━━━ SOURCE MATERIAL ━━━

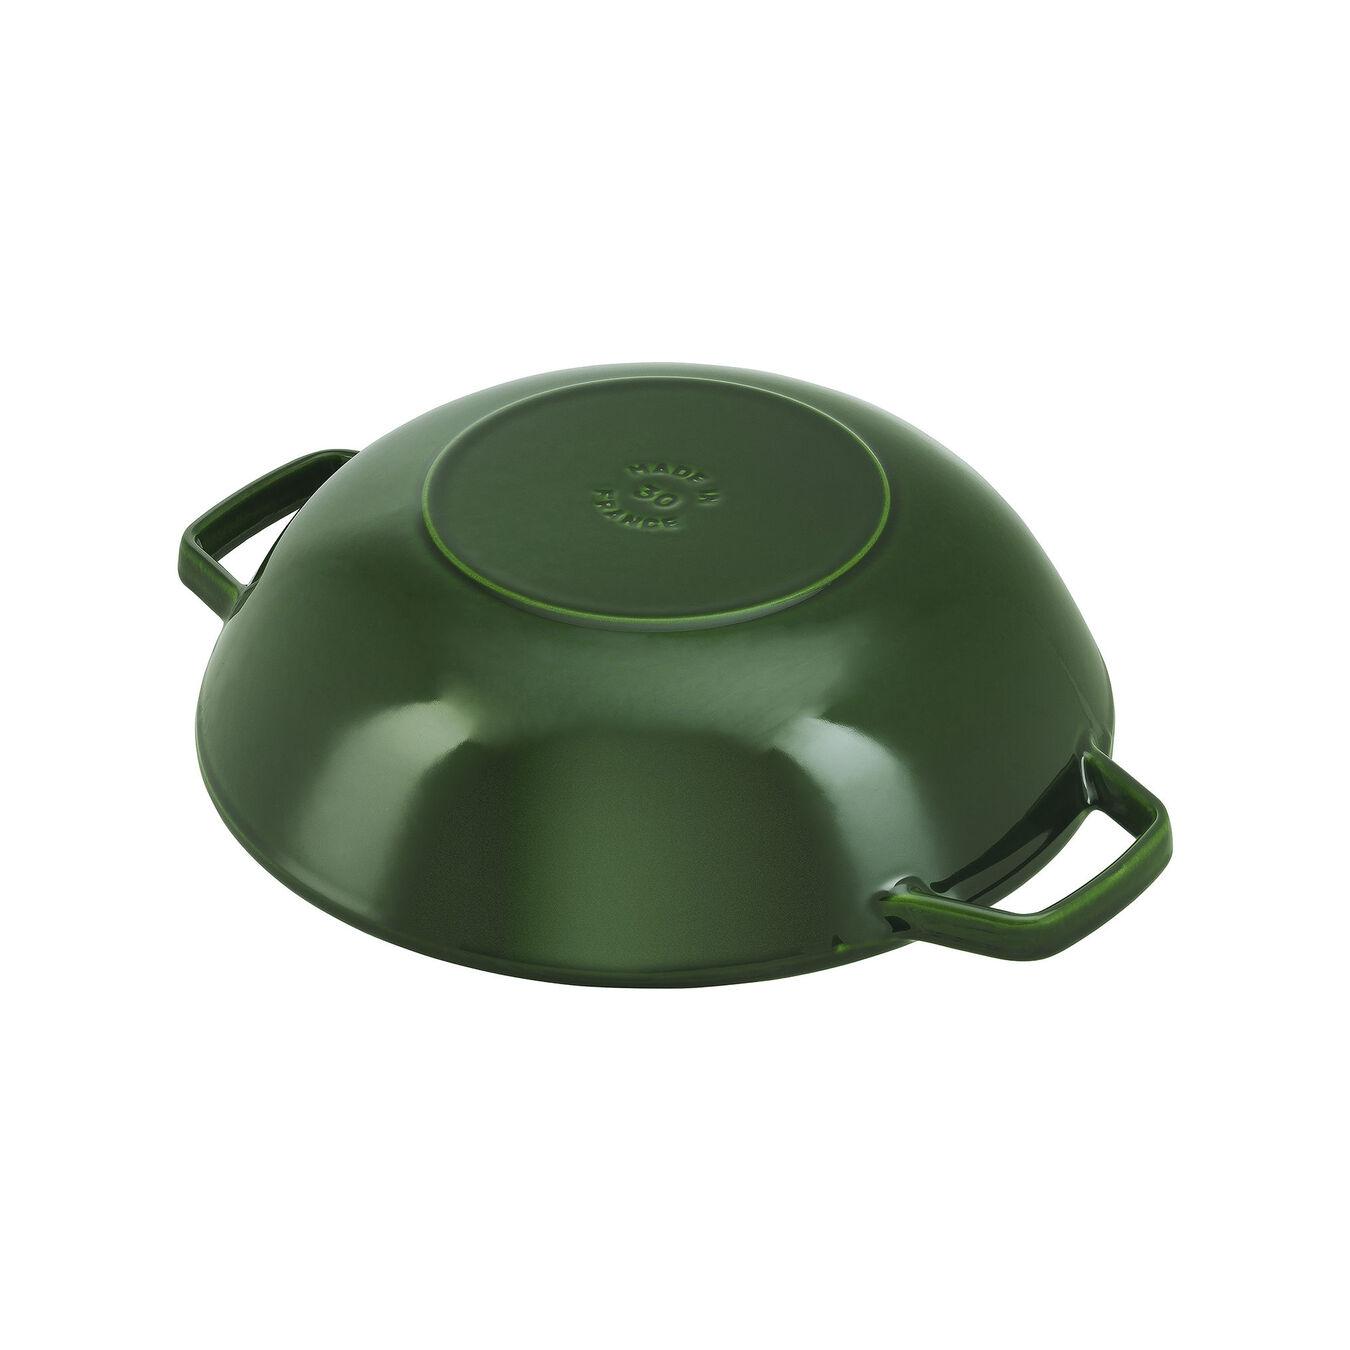 4.5-qt Perfect Pan - Basil,,large 3
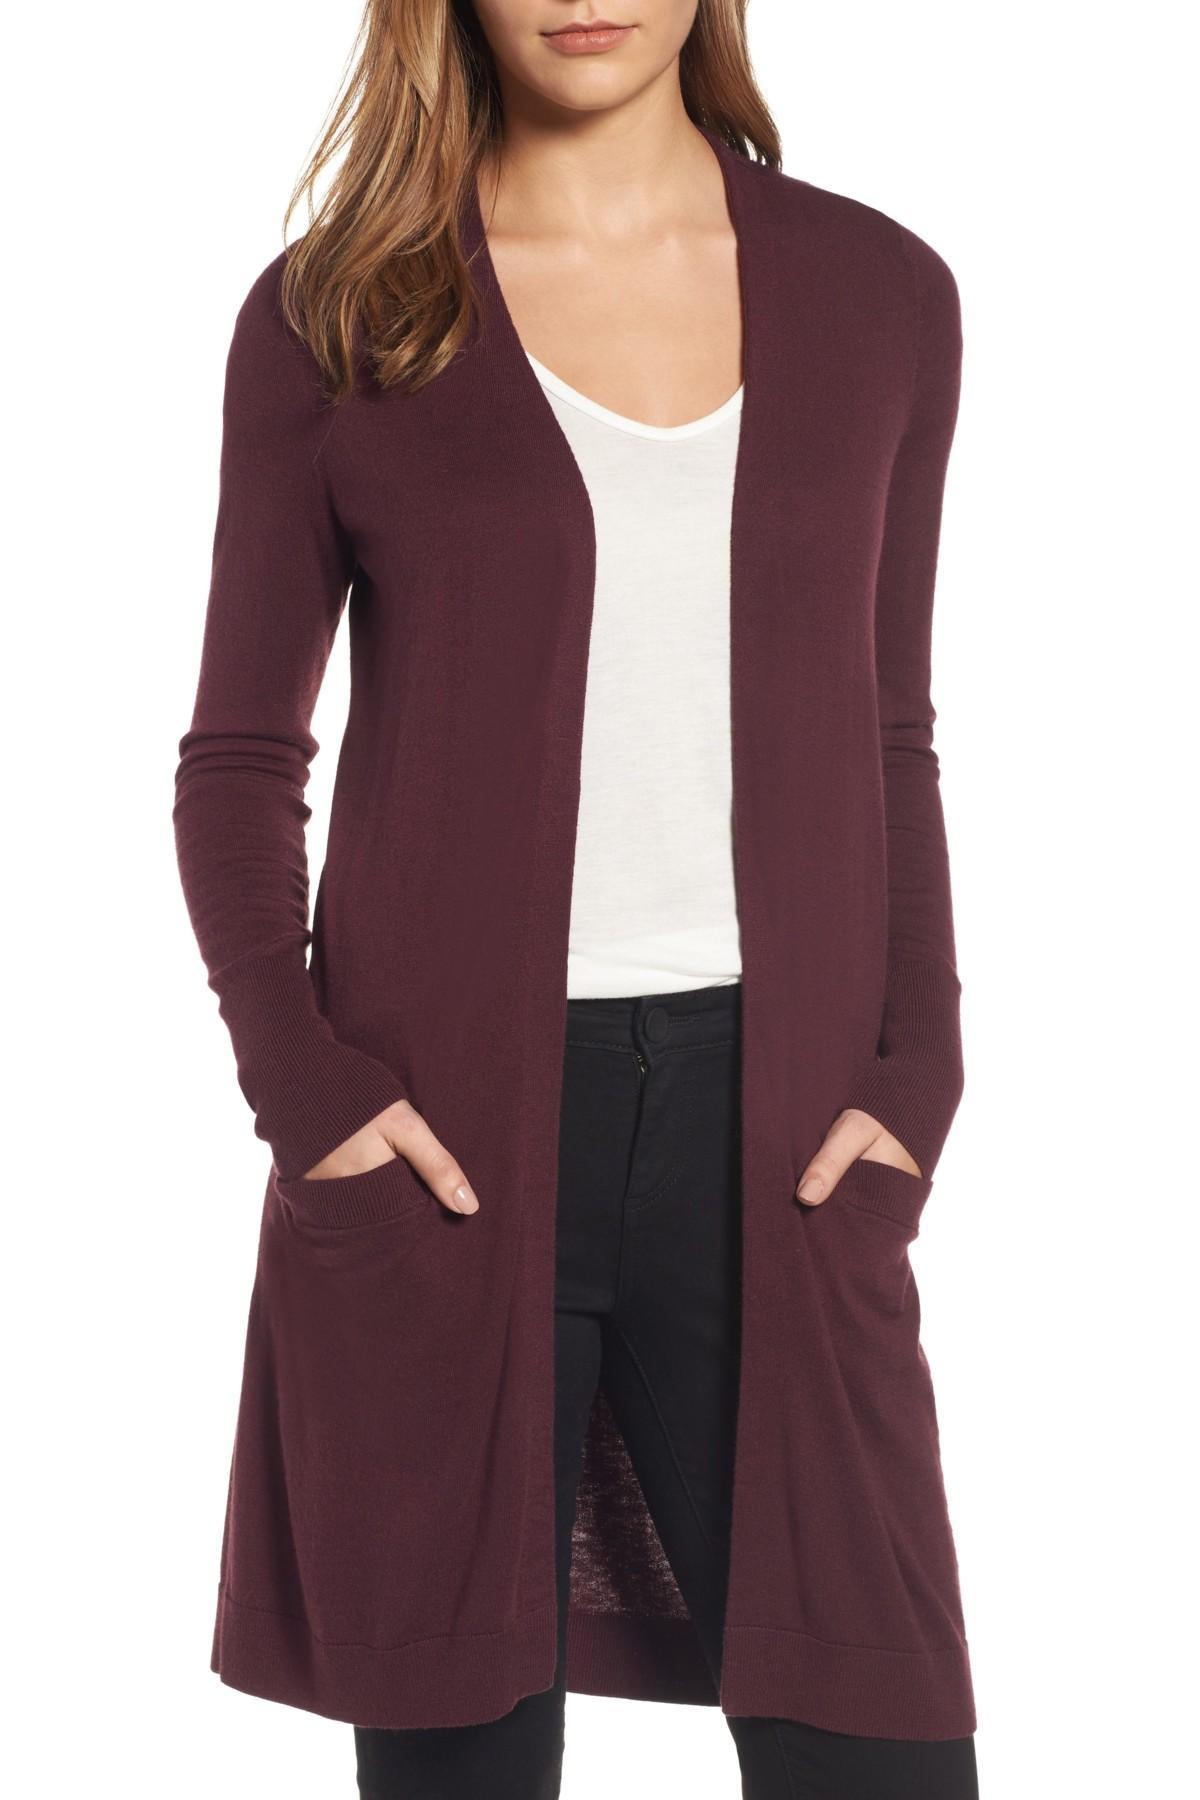 c8f2ab9b4a08 Lyst - Halogen Long Open Front Cardigan (regular   Petite) in Purple
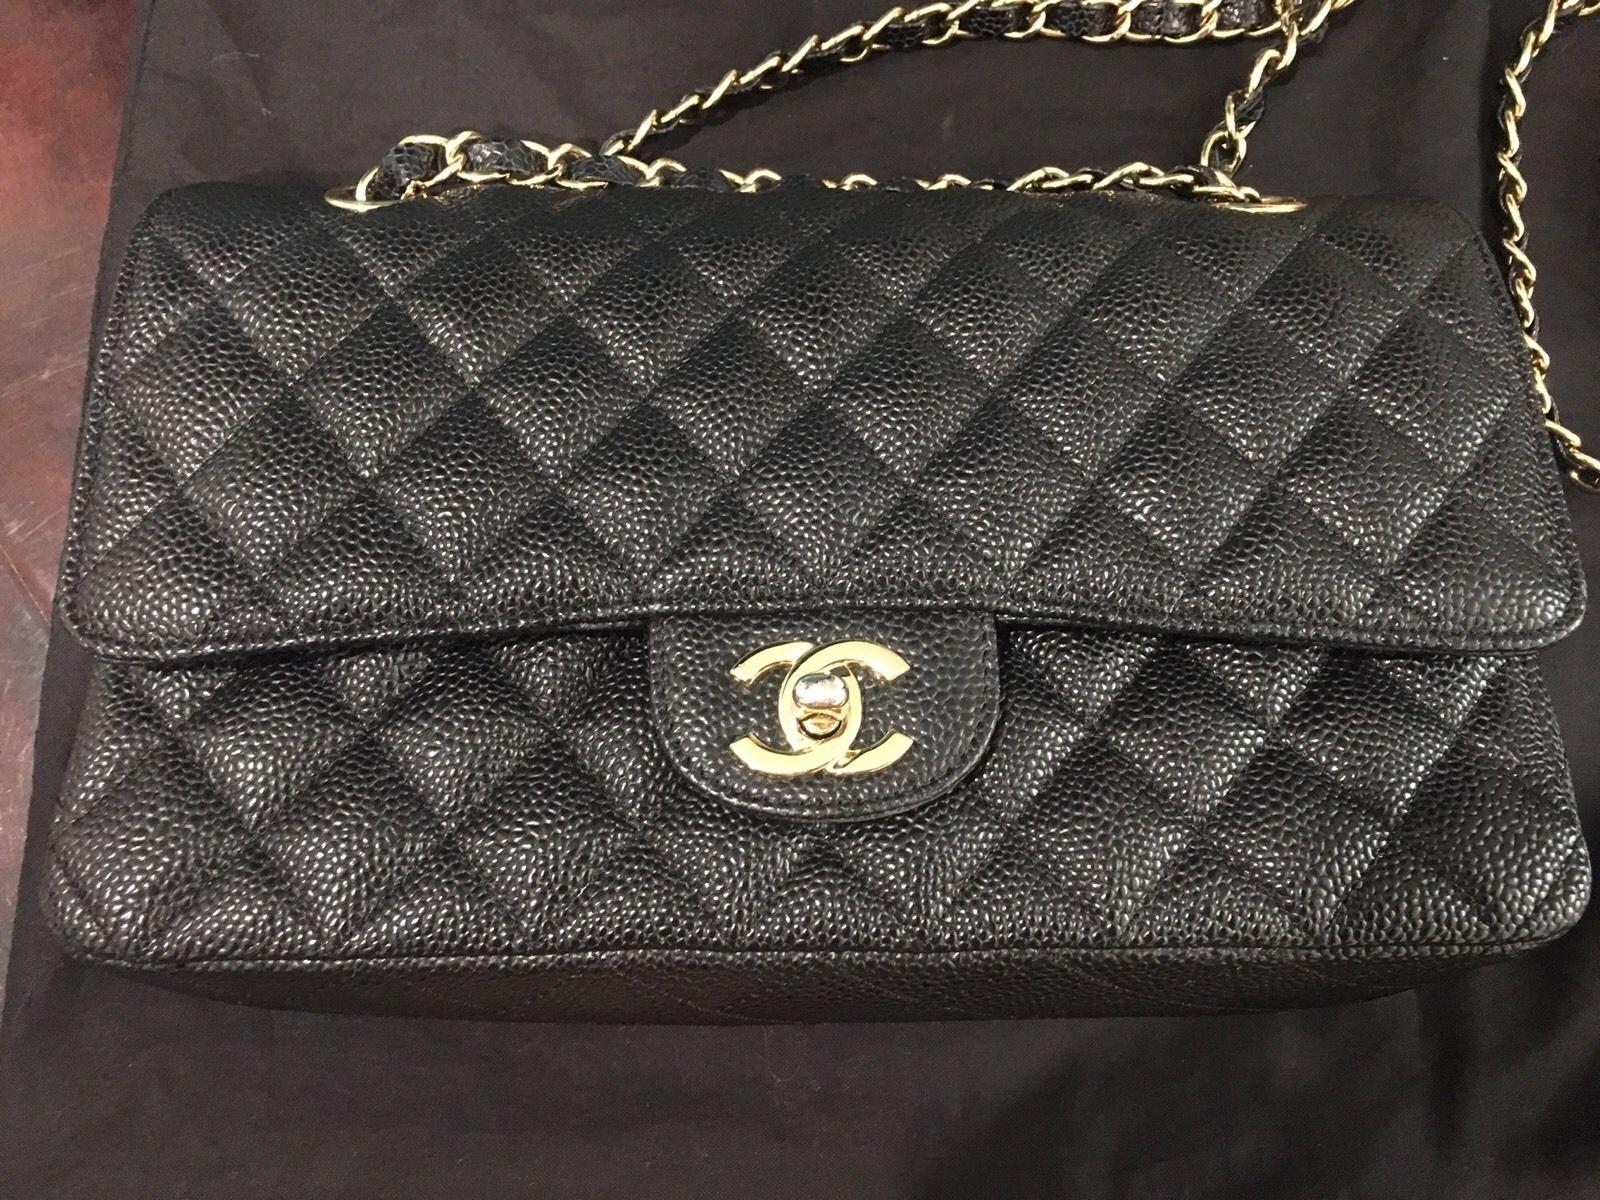 Vintage Chanel Chanel Vintage Chanel Chain Crossbody Bag

━━━

ASSIGNMENT -
Output the listing exactly. Leave out any image.

EXERCISE RESULT -
 4.5-qt Perfect Pan - Basil,,large 3
 c8f2ab9b4a08 Lyst - Halogen Long Open Front Cardigan (regular   Petite) in Purple
 Vintage Chanel Chanel Vintage Chanel Chain Crossbody Bag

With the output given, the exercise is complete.